A relação tem mão-dupla. Grandes empresas contratam ambientalistas para a alta direção e, no sentido inverso, organizações não governamentais buscam no mercado gestores com visão de negócio. "Como resultado, na construção do Diálogo Florestal, sentamos à mesa com indústrias de papel de celulose para aliar produção e conservação, dando um novo rumo para a Mata Atlântica, no Sul da Bahia", conta o ambientalista.
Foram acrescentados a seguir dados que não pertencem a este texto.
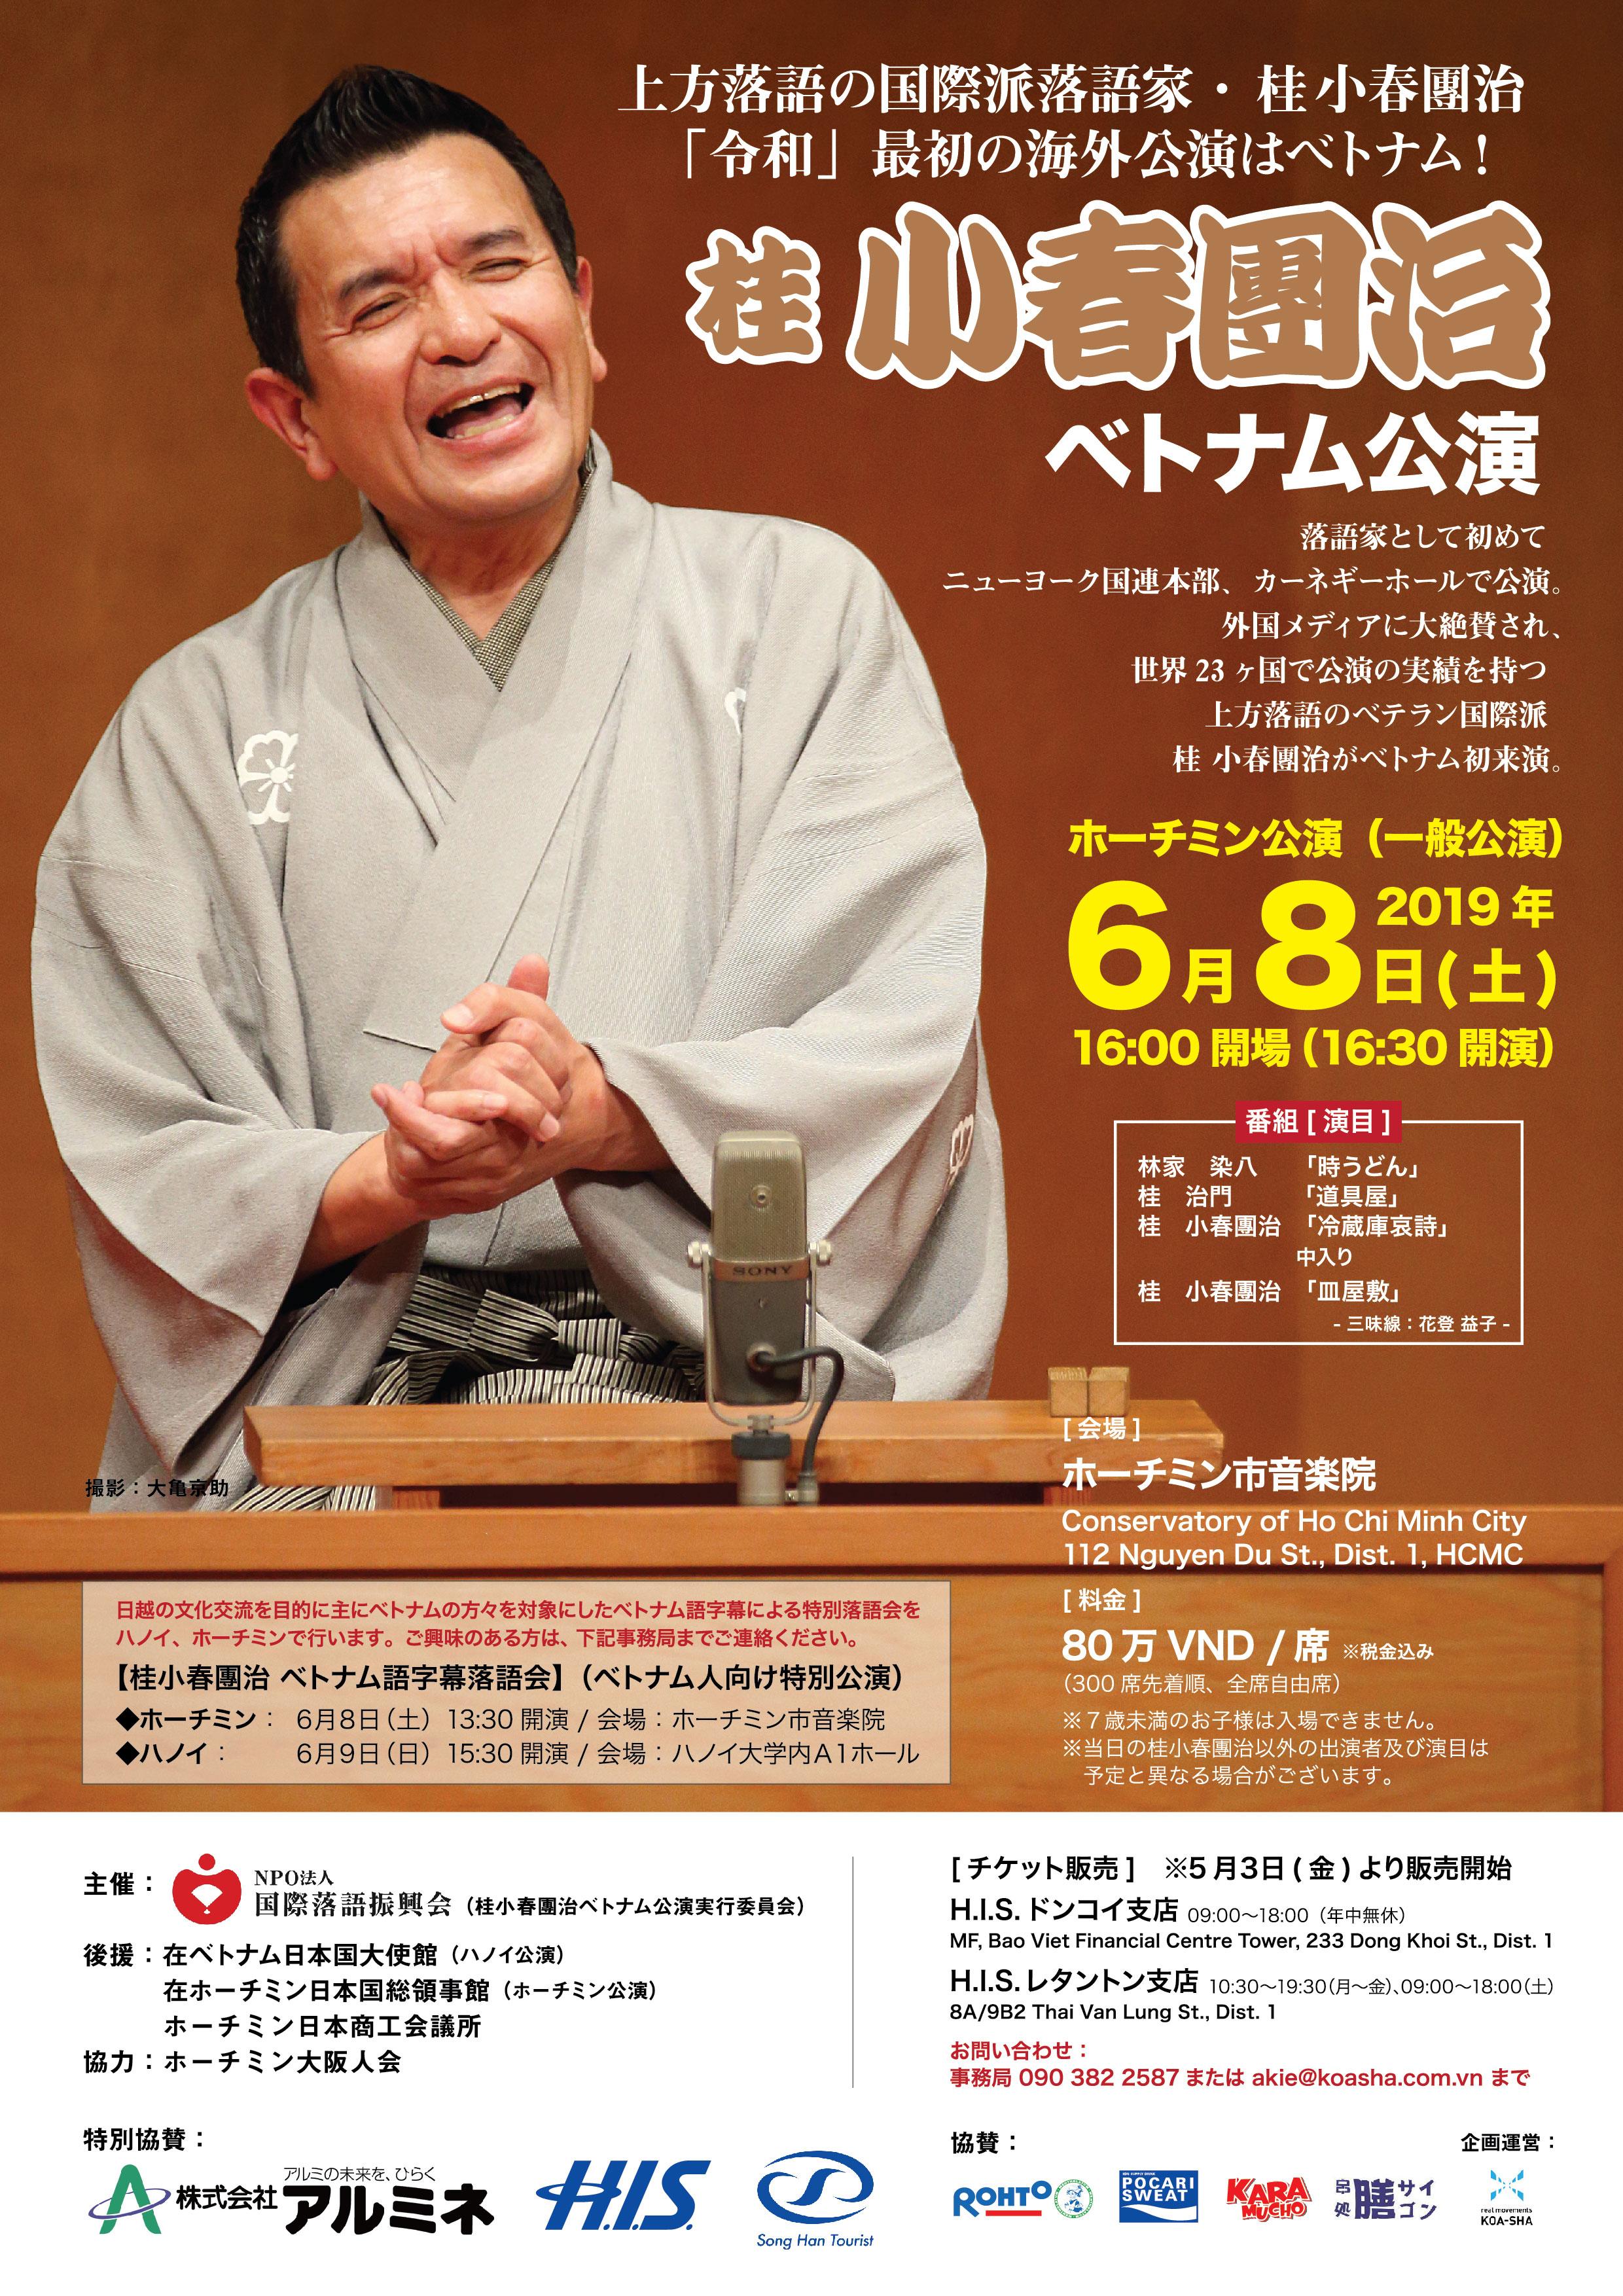 【6月8日】ホーチミンで上方落語家・桂小春團治の公演開催!!

"Mas a sustentabilidade, em muitos casos, está ligada ao departamento de marketing das empresas e não à presidência", lamenta Scaramuzza. "Não podemos internalizar custos ambientais e jogá-los para a sociedade, mas há resistência", completa.

"Relatórios da ONU divulgados a partir de 2005 eliminaram dúvidas sobre o fato de que o mundo atravessa uma crise ambiental que tem forte relação com os padrões econômicos", argumenta Fábio Scarano, diretor-executivo da Conservação Internacional (CI-Brasil). Os dados turbinaram a incorporação da sustentabilidade pelo setor produtivo, nos últimos cinco anos. "Mas a relação das empresas com as questões ambientais ainda está em fase de namoro; falta o casamento", afirma. E como em toda paixão, compara o diretor, "há riscos de rompimento, especialmente se não há tempo para amadurecimento".

Para que a relação não seja efêmera, "a sustentabilidade precisa virar negócio e ser incorporada à matriz da empresa". Um desafio é medir valores intangíveis, relacionados à biodiversidade. O relatório "The Economics of Ecosystems and Biodiversity (TEEB), liderado pelo economista-chefe de fundos de investimento do Deutsche Bank, Pavan Sukdev, contabilizou entre US$ 2,5 trilhões e US$ 4,5 trilhões a perda anual com a destruição dos ecossistemas vitais do planeta. De acordo com o estudo, os serviços ambientais contribuem com 47% a 89% da renda dos mais pobres.